Am 8. März 2014 verschwand Flug MH370 spurlos vom Radar. Jetzt bestätigte Malaysia, dass der Pilot auf seinem heimischen Computer die wahrscheinliche Flugroute simulierte.

Die Angehörigen hoffen noch immer, dass aufgeklärt wird, was mit MH 370 geschah.
Die Angehörigen hoffen noch immer, dass aufgeklärt wird, was mit MH 370 geschah.Foto: dpa

Eines der größten Rätsel der Luftfahrtgeschichte nennen viele Experten das bis heute unaufgeklärte Verschwinden der Malaysia Airlines-Boeing - Flug MH370. Die malaysischen Ermittler haben seit der Katastrophe vor mehr als zwei Jahren absolut keine plausible Erklärung für die Geschehnisse an Bord zu Tage gefördert. Das Unglaubliche: Das Flugzeug mit 239 Menschen an Bord ist nach Satellitenauswertungen noch sieben Stunden geflogen, nachdem es vom Radar verschwand. Nun verdichten sich Hinweise, dass die Maschine möglicherweise bis zuletzt von einem Piloten gesteuert wurde.

Die Ermittler mauerten bisher. Am Donnerstag gab die Regierung von Malaysia nun immerhin zu: Der MH370-Pilot hat auf seinem privaten Flugsimulator vor dem Verschwinden seiner Malaysia-Airlines-Boeing eine Flugroute auf den Indischen Ozean hinaus ausprobiert. Sie ist fast identisch mit der Strecke, die die Maschine nach den Ermittlungen flog, bevor sie wahrscheinlich westlich von Australien im Meer versank. Dies bestätigte der malaysische Verkehrsminister Liow Toing Lai am Donnerstag, nachdem Medien schon über die Routen im Flugsimulator berichtet hatten.

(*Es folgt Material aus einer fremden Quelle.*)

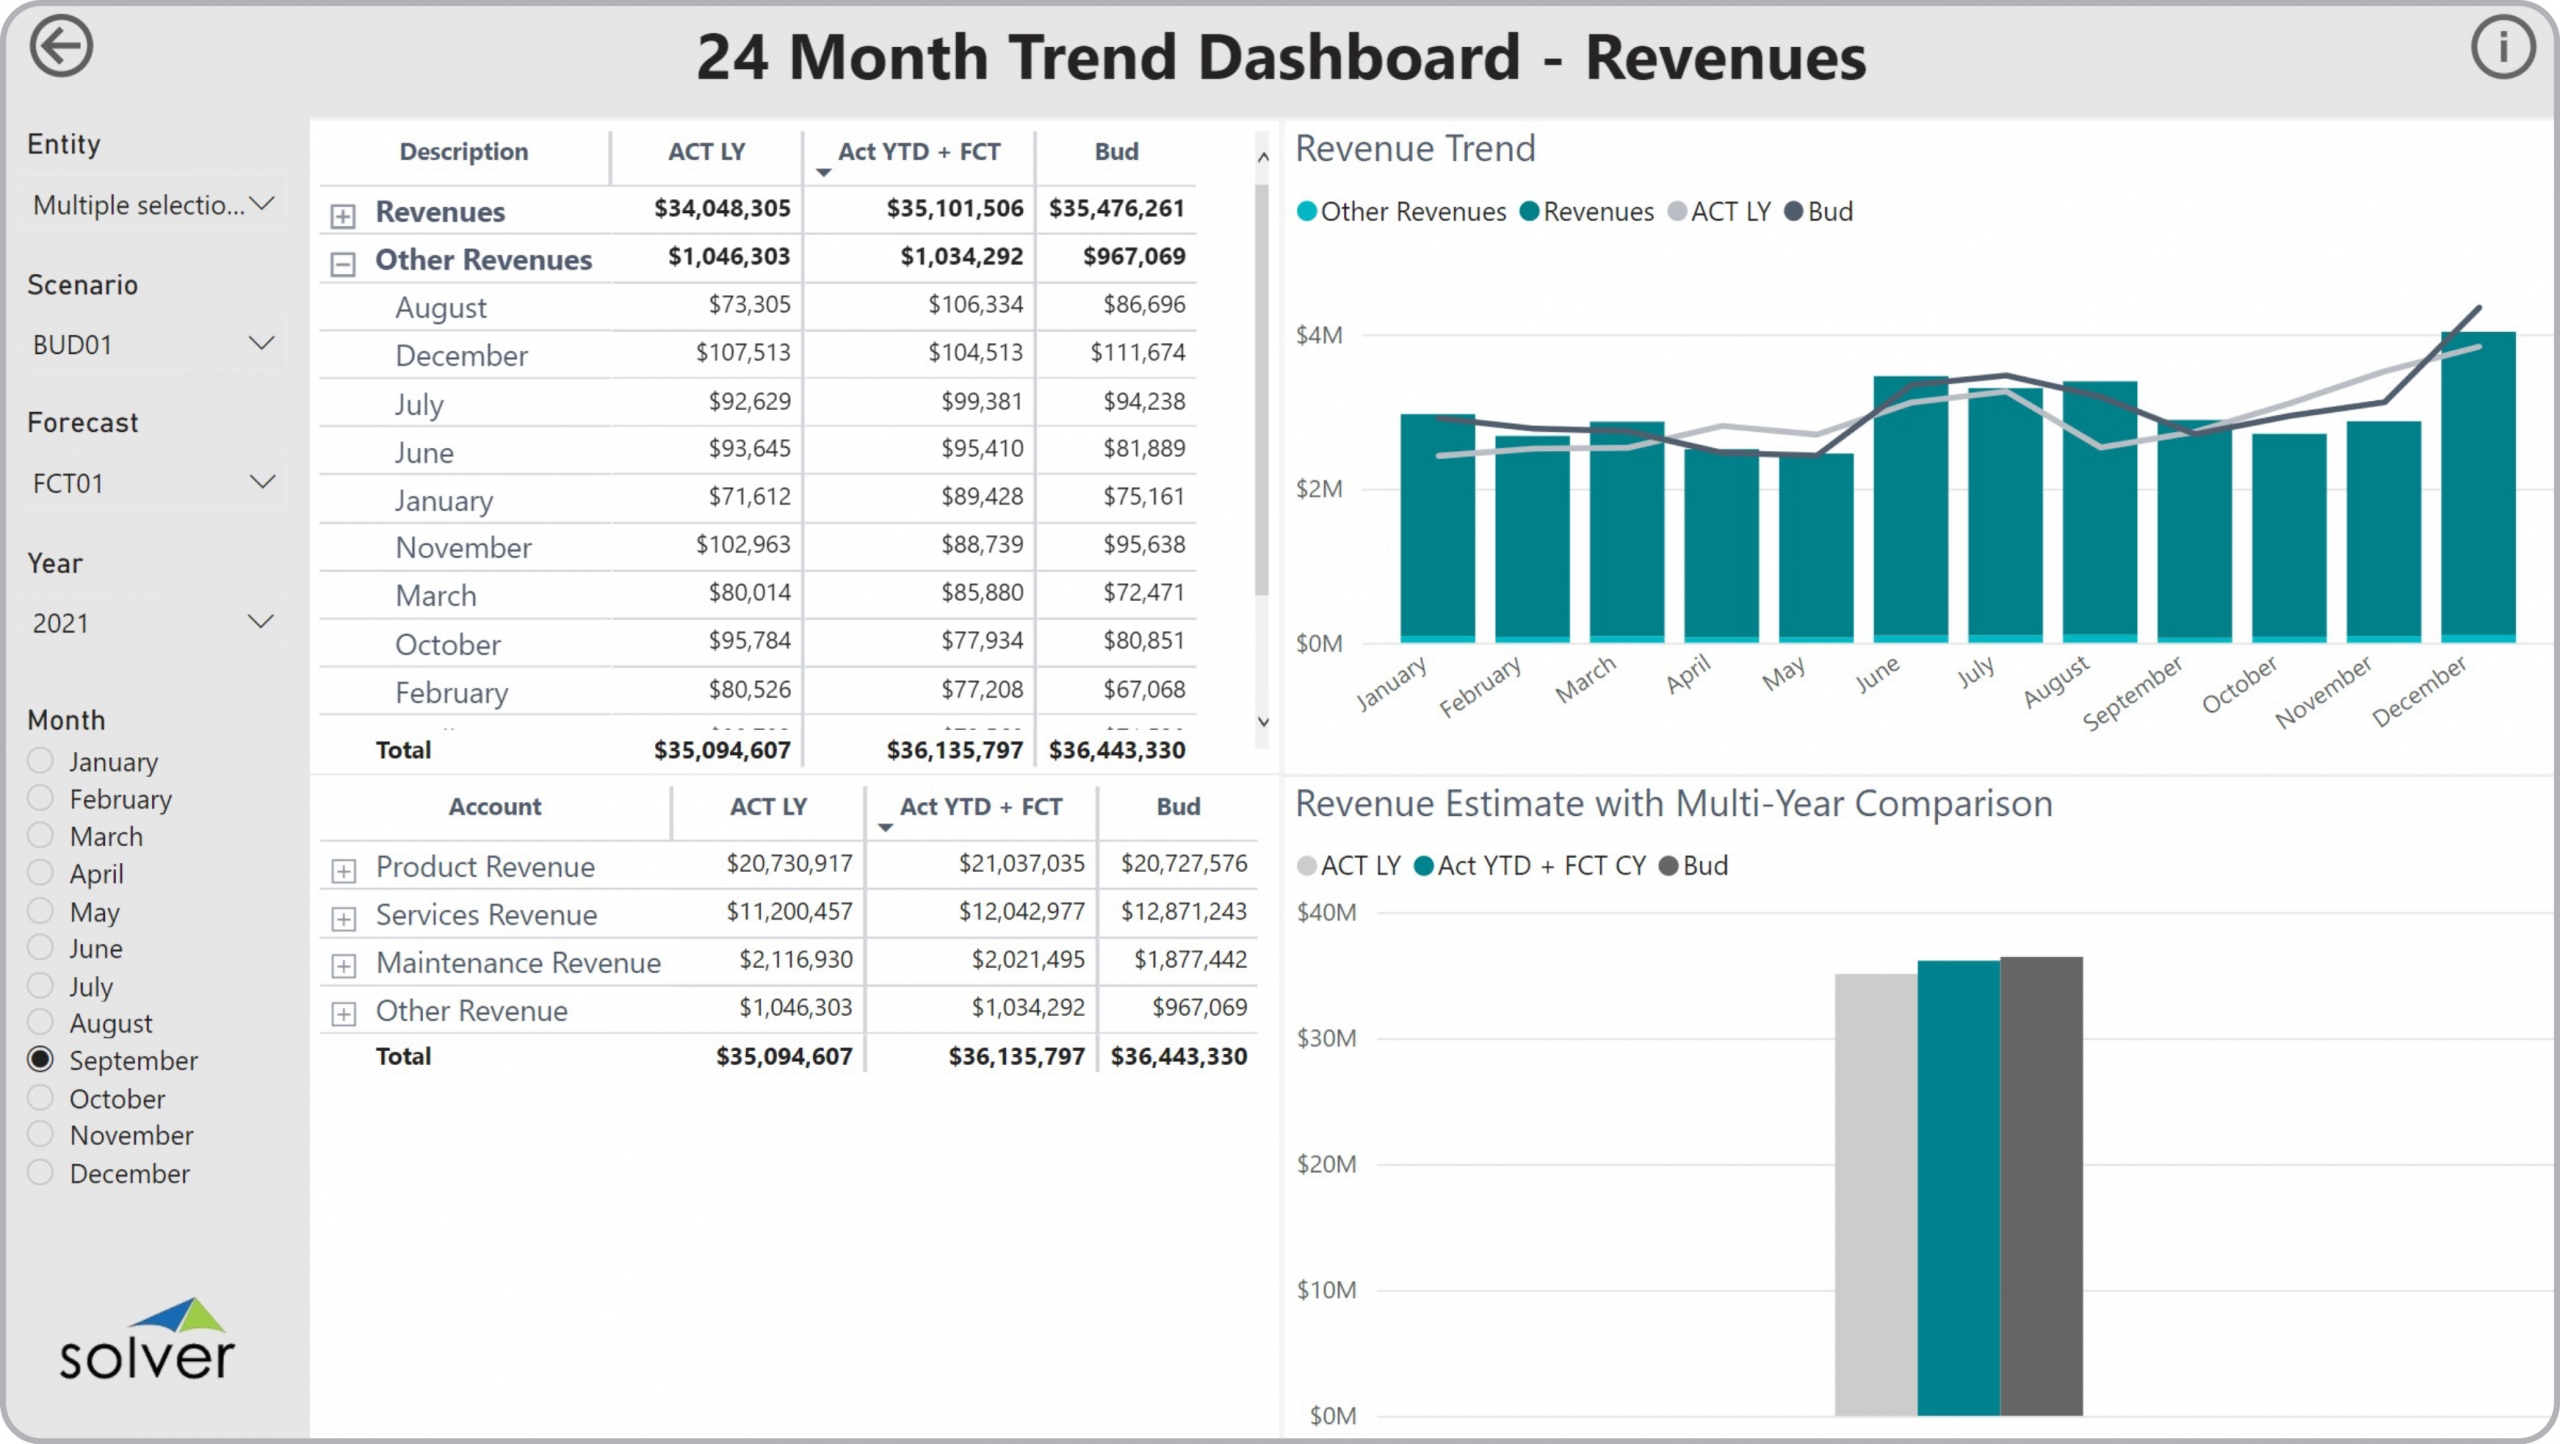 Example of a 24 Month Revenue Trend Dashboard to Streamline the Monthly Reporting Process

Die Malaysier hatten Verdacht gegen Piloten schnell zurückgewiesen

Das beweise aber nichts, sagte er. „Es gibt keine Beweise, die belegen, dass (Flugkapitän) Zaharie Ahmad Shah das Flugzeug absichtlich auf den Indischen Ozean gelenkt hat“, sagte Liow. Die Angaben über den Flugsimulator stammen aus einem Bericht, den die malaysischen Ermittler bislang unter Verschluss gehaltenen haben. Warum, sagte Liow nicht.

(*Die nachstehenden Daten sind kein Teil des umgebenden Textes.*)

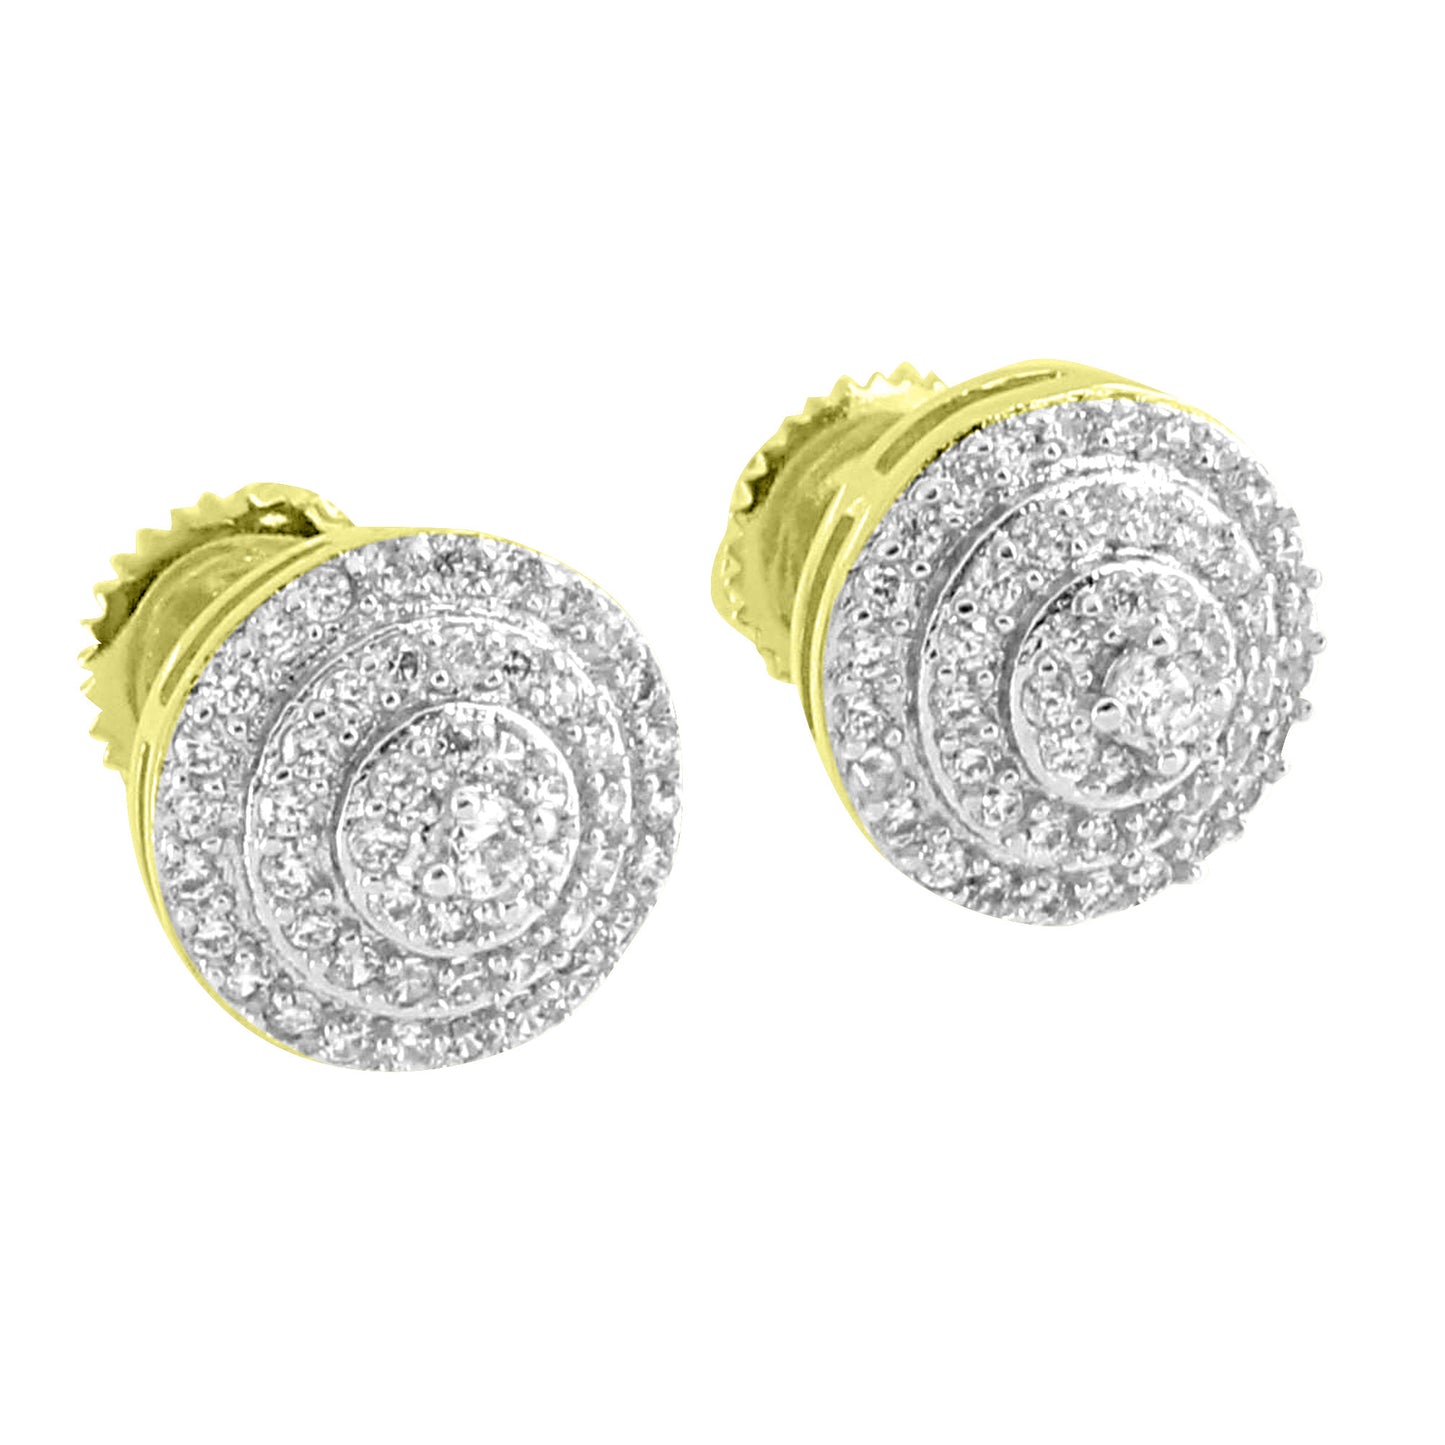 Solitaire Prong Set Earrings Round 14k Gold Finish Simulated Diamonds Screw Back Studs

Die Malaysier hatten Flugkapitän Shah (53) schnell von jedem Verdacht freigesprochen. Er habe kein Motiv gehabt, hieß es am ersten Jahrestag der Katastrophe. „Es sind keine Episoden von Apathie, Angst oder Reizbarkeit bekannt... Es gab weder Anzeichen von Verhaltensänderungen, noch von sozialer Isolation, neuen Interessen oder Selbstvernachlässigung, keinen Drogen- oder Alkoholmissbrauch.“

Für den erfahrenen kanadischen Flugunfallermittler Larry Vance ist die Sache spätestens seit dem Fund der Flügelklappe vor einem Jahr vor Afrika klar. Die abgerissene Kante könne nur entstanden sein, als die Maschine mit ausgefahrener Klappe aufsetzte und durch das Wasser pflügte. „Jeder musste nach dem Fund zu dem Schluss kommen, dass hier ein Mensch am Werk war - eine andere Erklärung gibt es nicht“, sagt Vance in einer Dokumentation des „60 Minutes“-Programms beim australischen Fernsehsender Chanel 9.

Nur ein Pilot kann die Bewegung der Flügelklappen steuern. Sie sind an der Rückseite der Tragflügel und werden vor einer Landung ausgefahren, um die Geschwindigkeit zu drosseln. Peter Foley, MH370-Chefermittler der australischen Transportsicherheitsbehörde (ATSB), bestätigt in der Sendung, es sehe ganz so aus, als sei die Flügelklappe ausgefahren gewesen. Noch eins führt Ermittler Vance an: Wenn das Flugzeug abstürzte, als der Treibstoff ausging, wäre die Maschine beim Aufprall in Millionen Stücke zerschellt. Ein so großes Teil wie die Flügelklappe intakt zu finden, sei unwahrscheinlich.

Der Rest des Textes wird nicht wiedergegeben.